RECORDED DATA
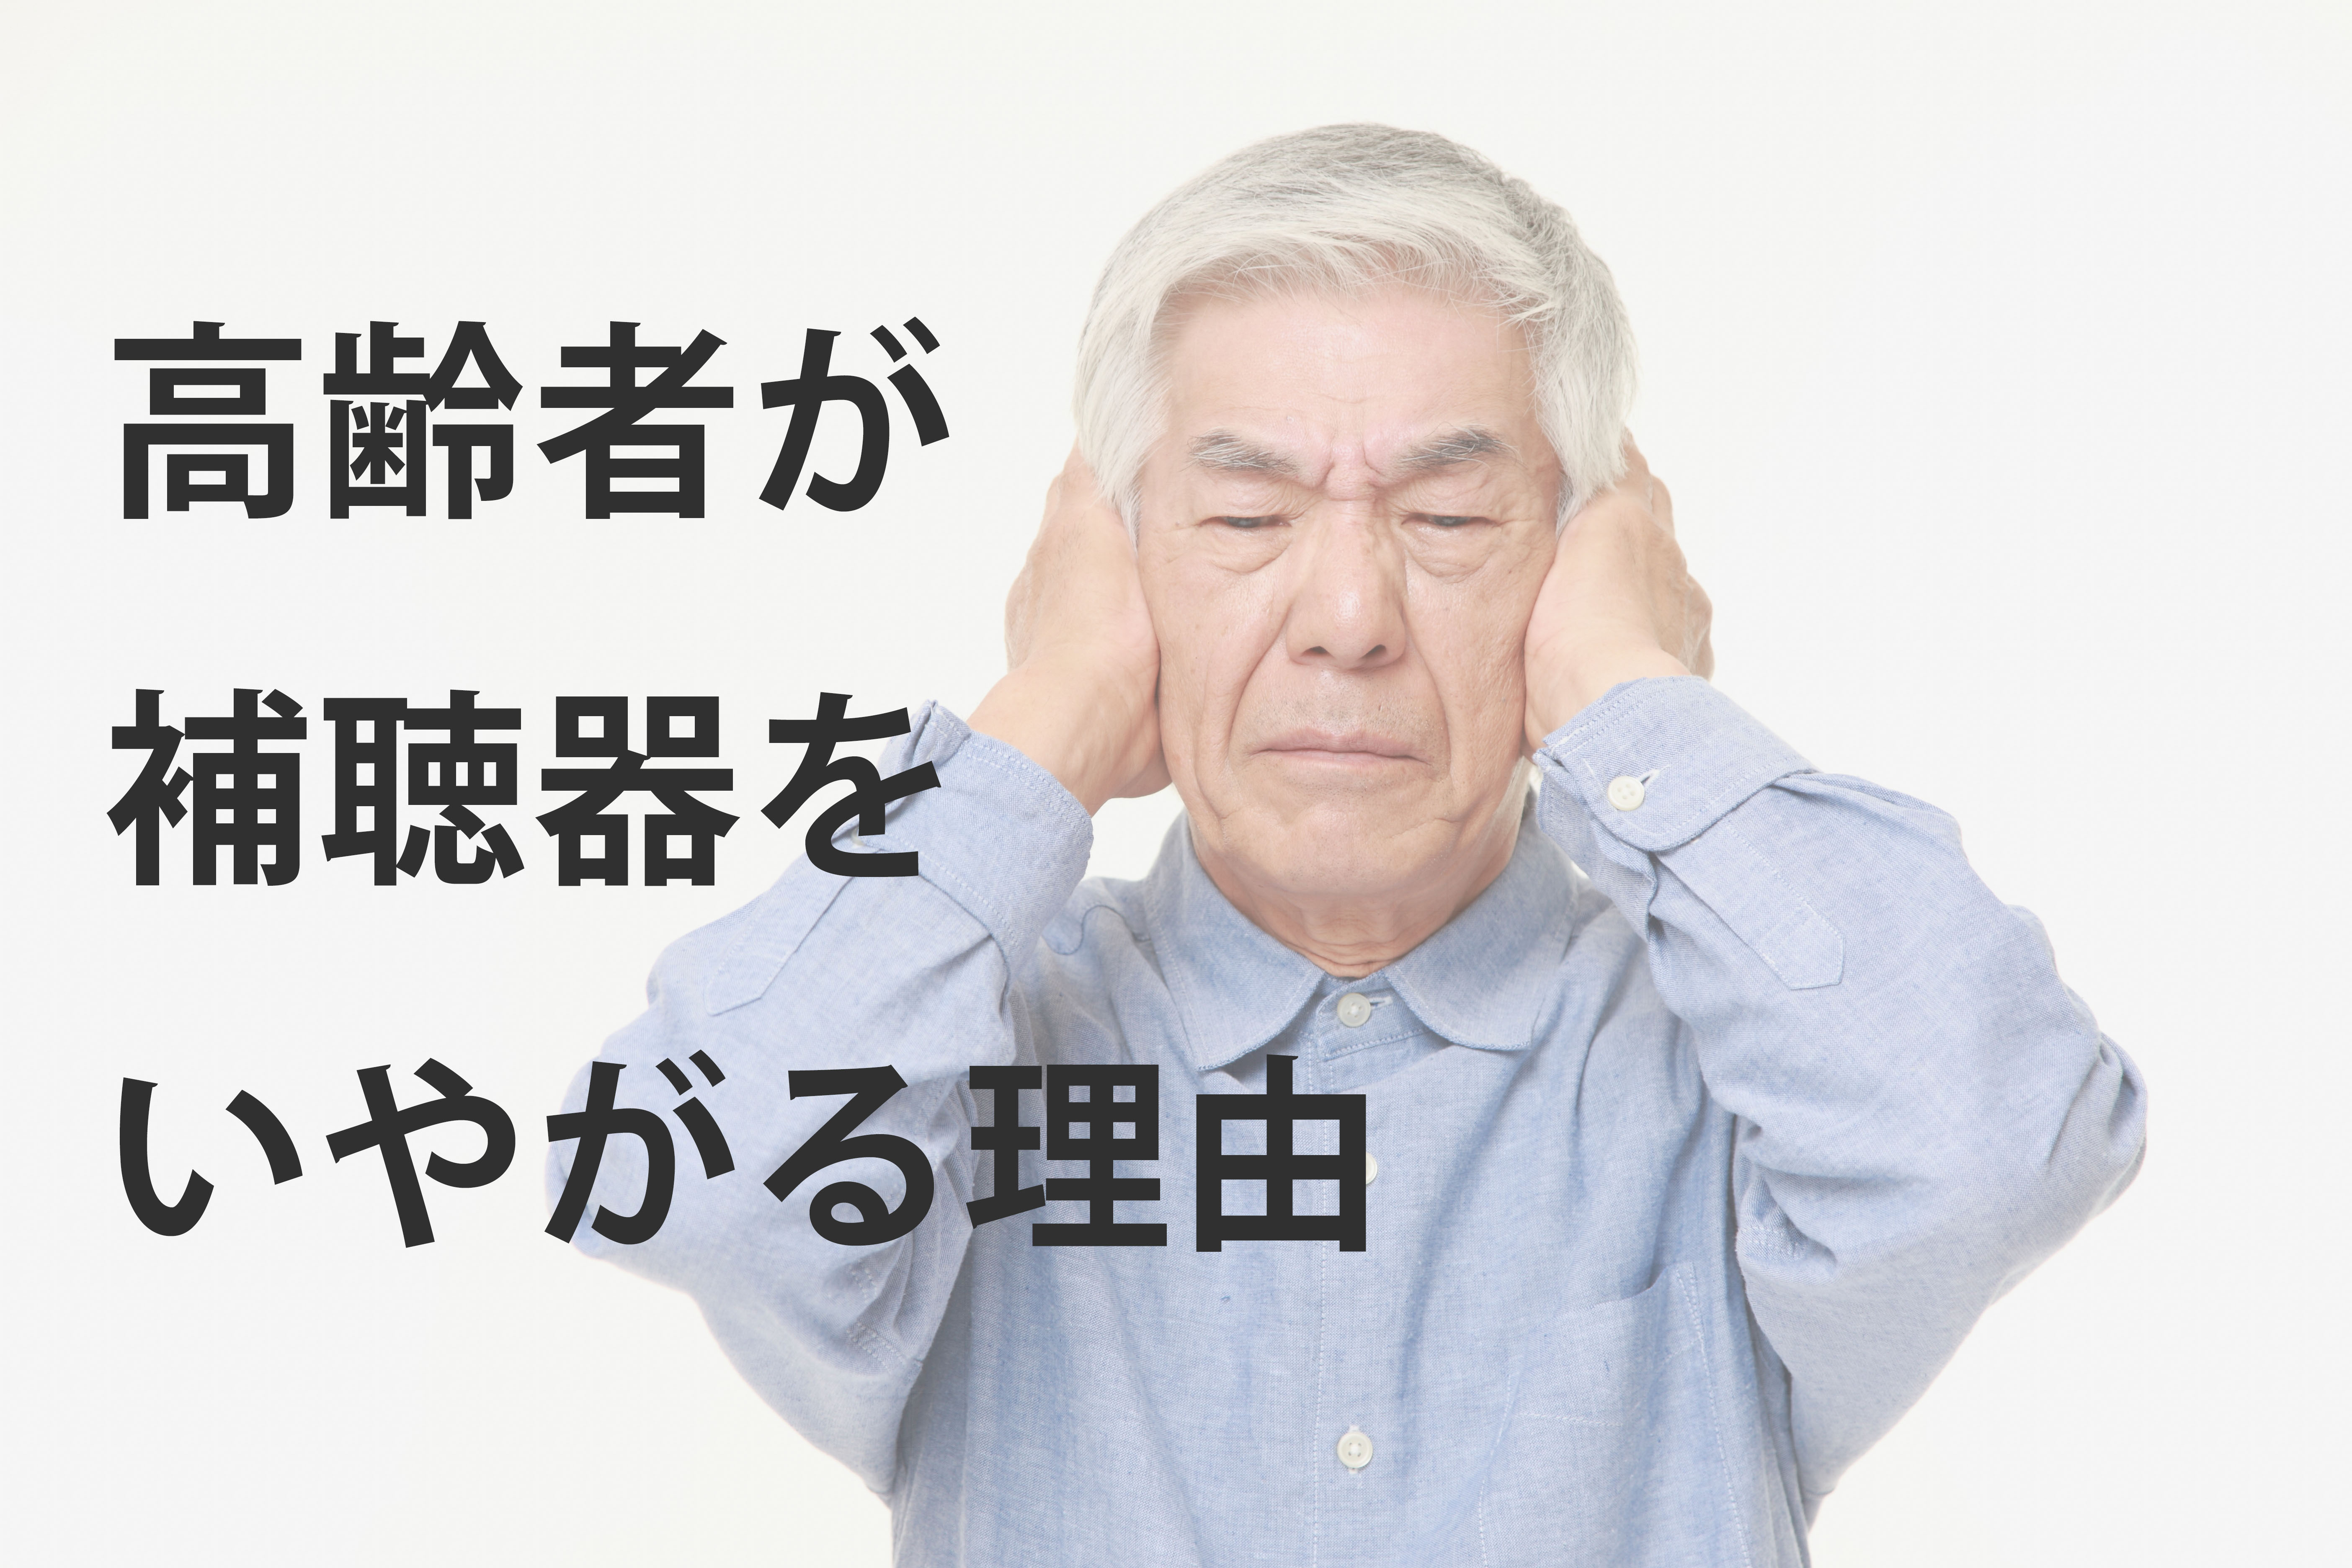 難聴高齢者サポートハンドブック 耳が遠くなったときの介護・生活支援・補聴器/日本医療企画/難聴高齢者のサポートを考える研究会
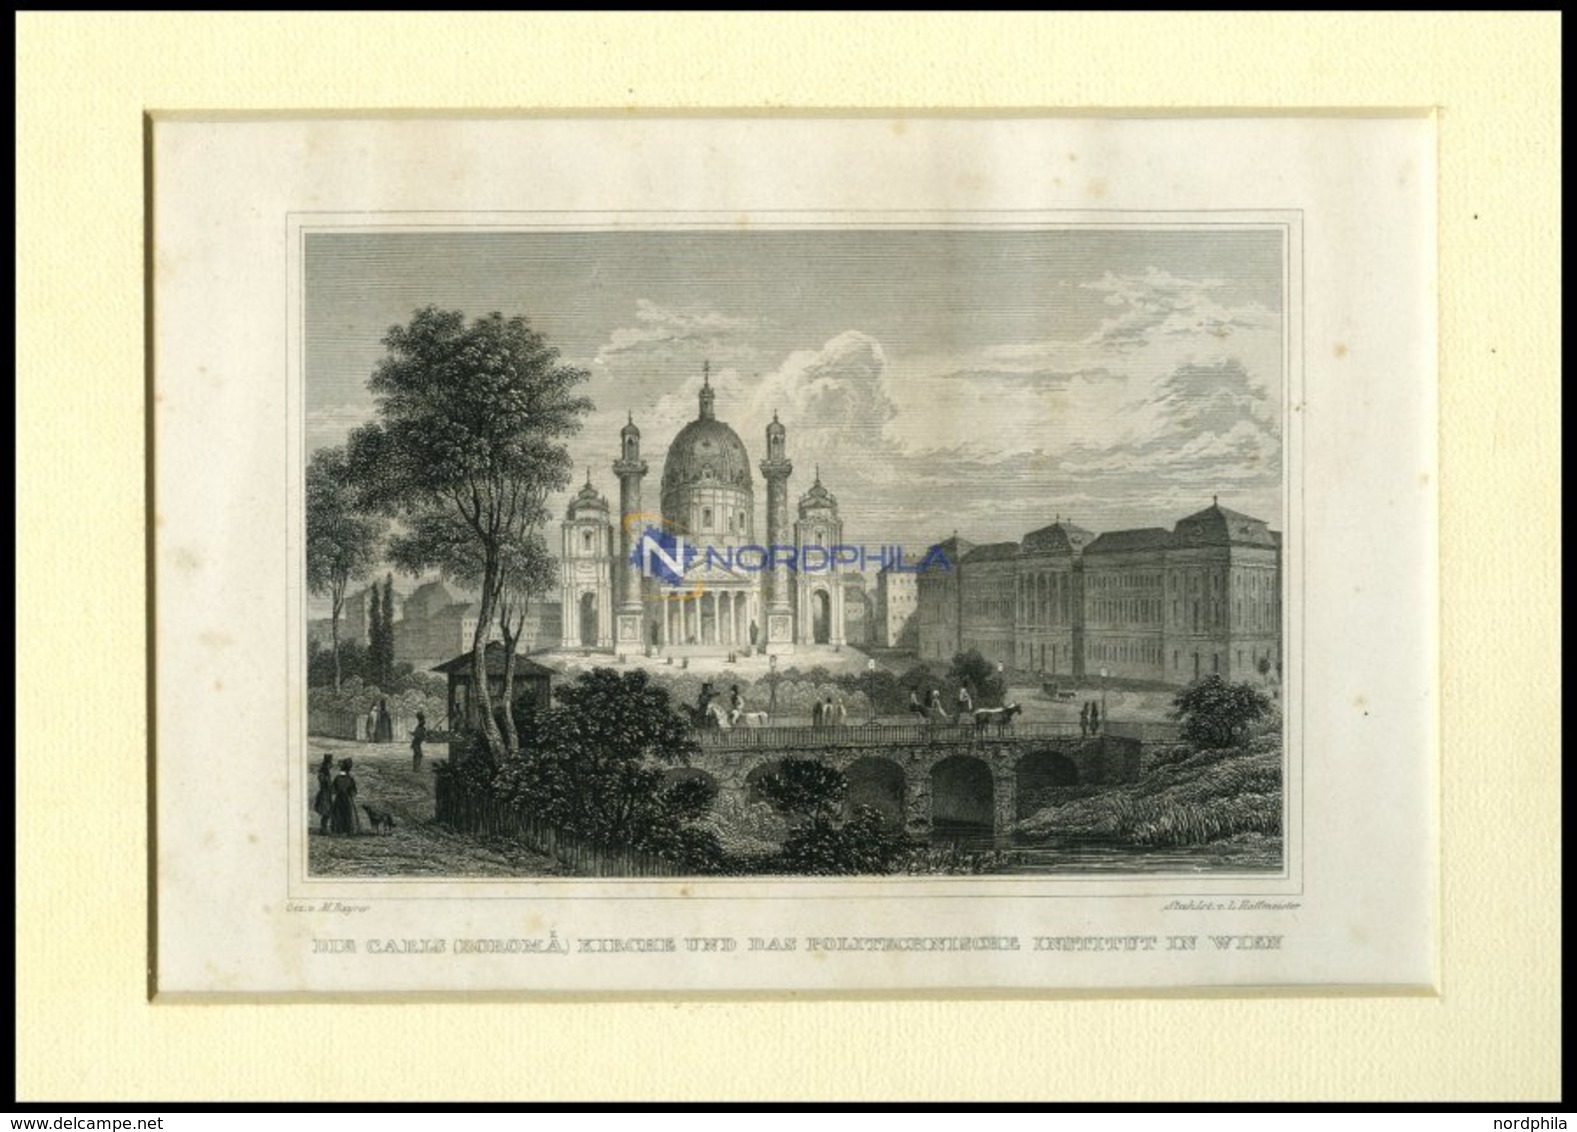 WIEN: Die Carls (Boromä) Kirche Und Das Politechnische Institut, Stahlstich Von Bayrer/Hoffmeister, 1840 - Litografía
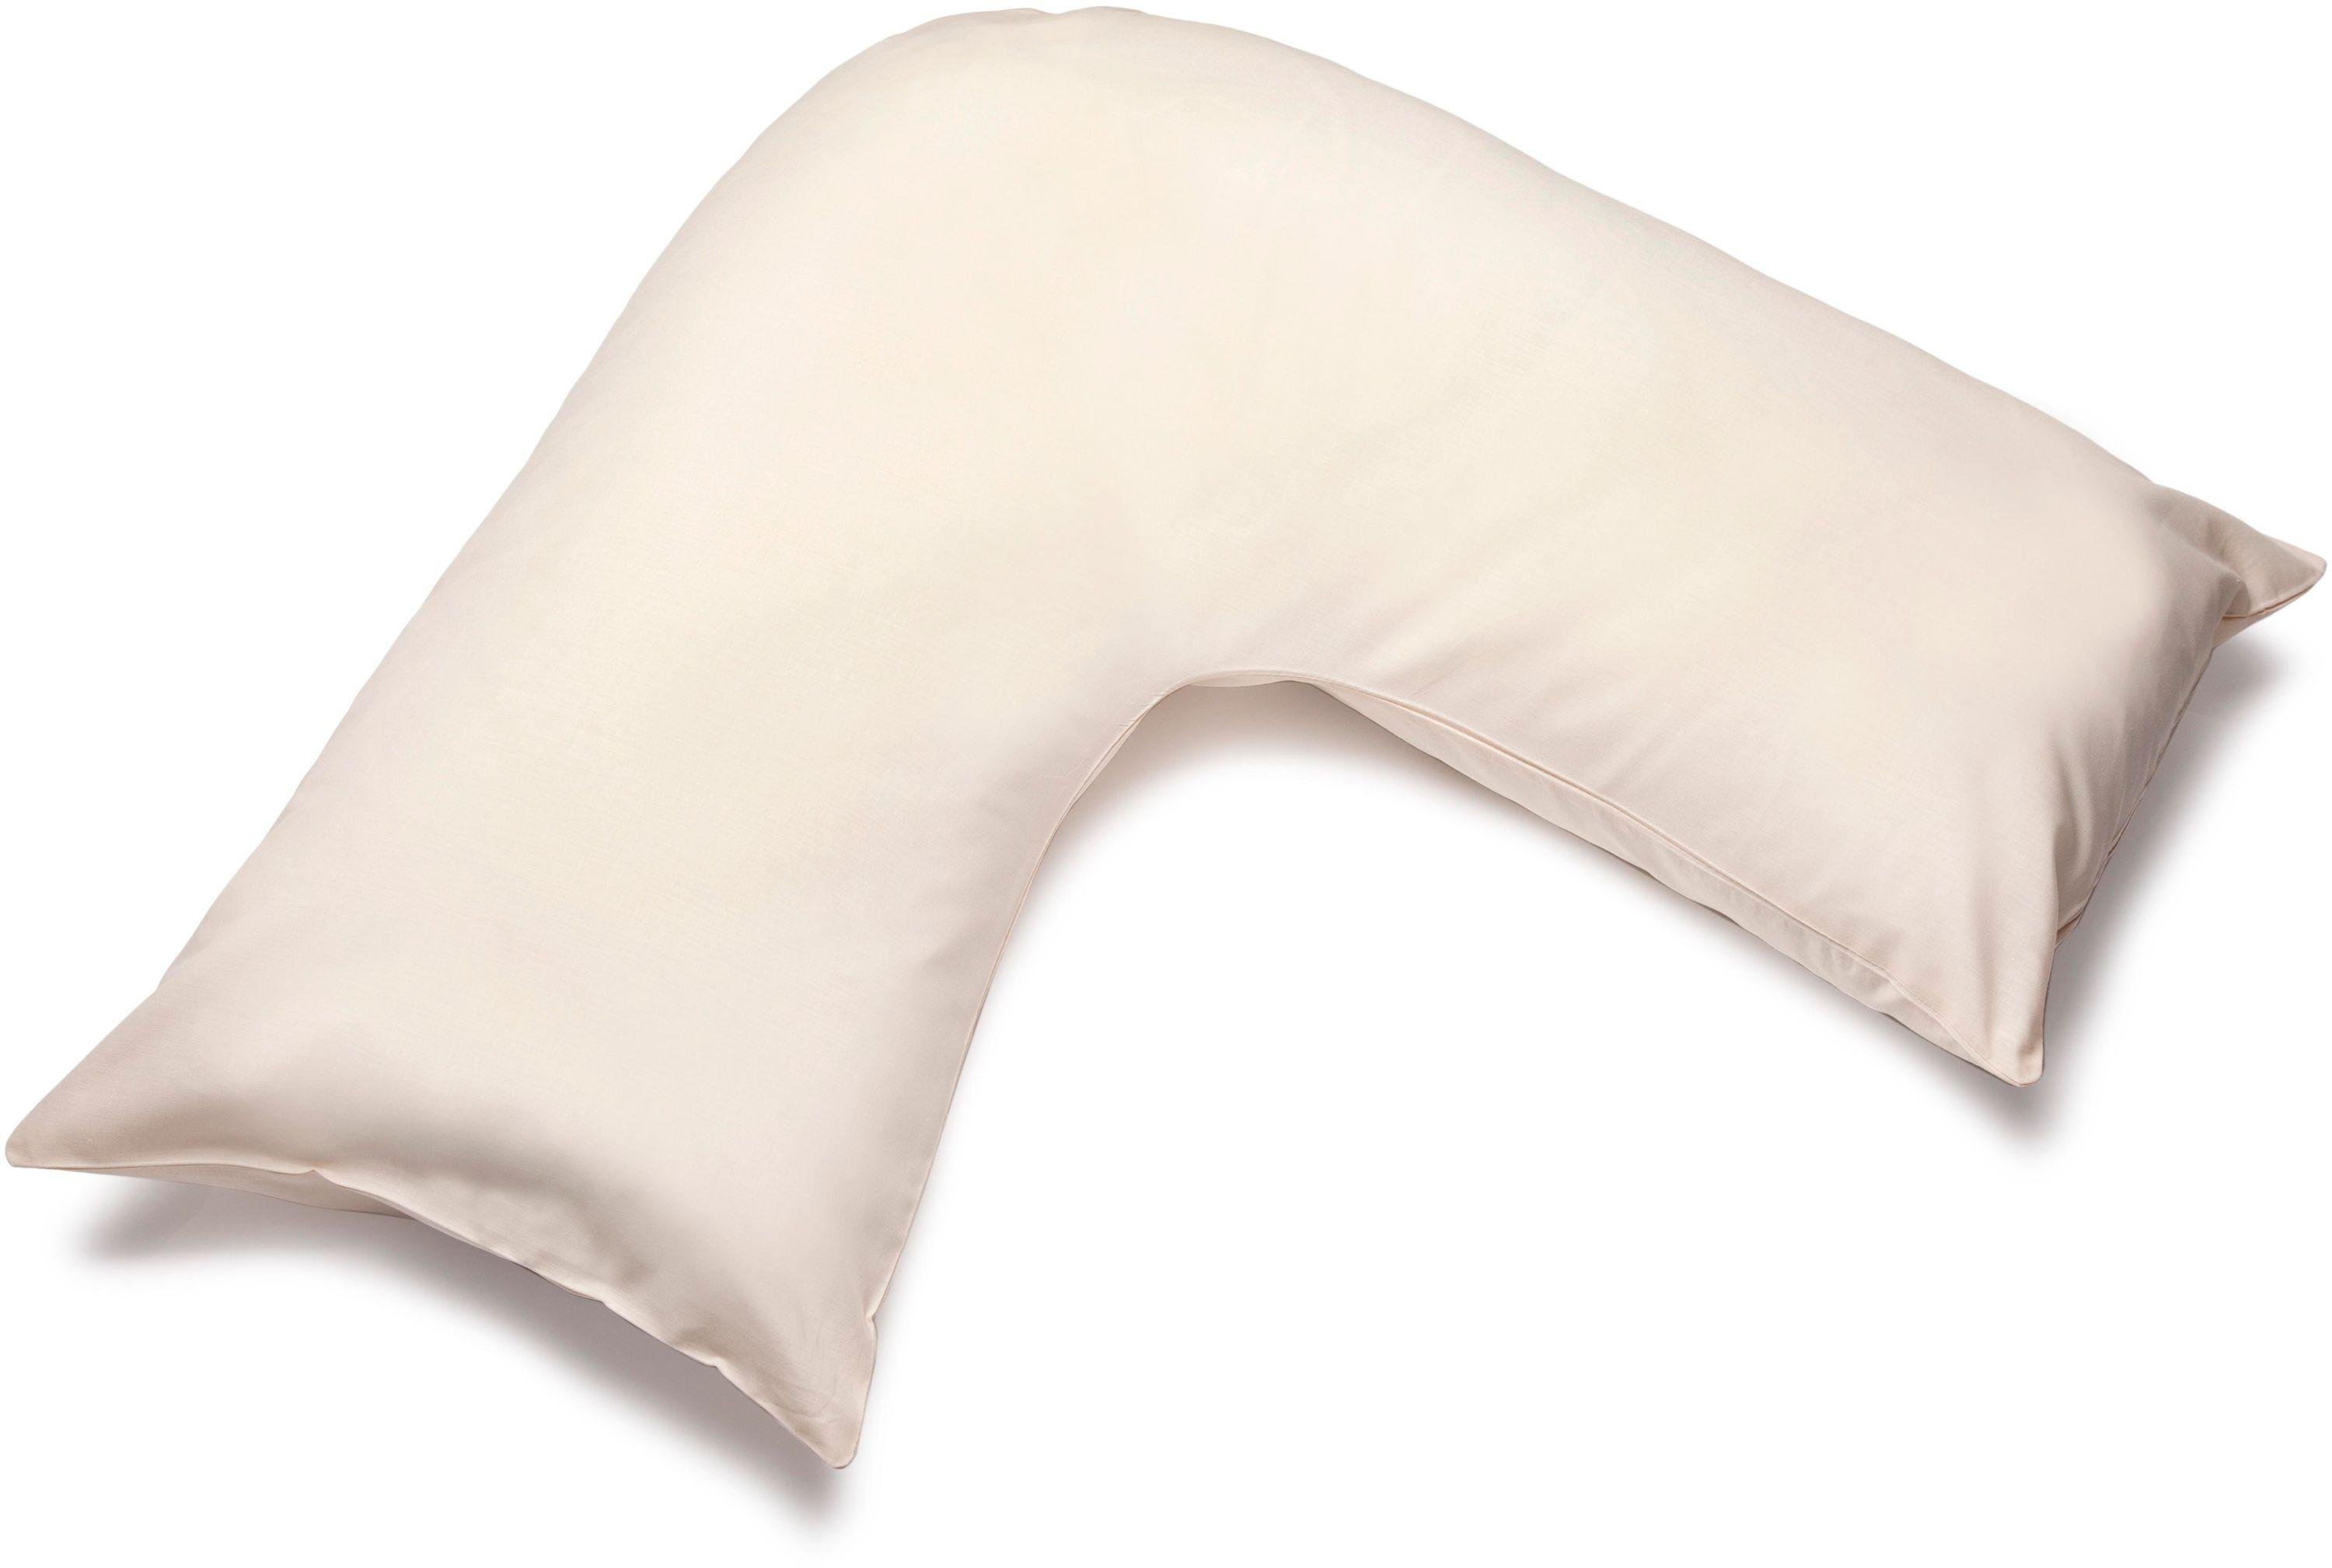 Belledorm V-shape Pillowcase - Cream.

TASK DESCRIPTION
Would you please retype all the data exactly? Leave out whatever pictures it holds.

RESULT
 難聴高齢者サポートハンドブック 耳が遠くなったときの介護・生活支援・補聴器/日本医療企画/難聴高齢者のサポートを考える研究会
 WIEN: Die Carls (Boromä) Kirche Und Das Politechnische Institut, Stahlstich Von Bayrer/Hoffmeister, 1840 - Litografía
 Belledorm V-shape Pillowcase - Cream.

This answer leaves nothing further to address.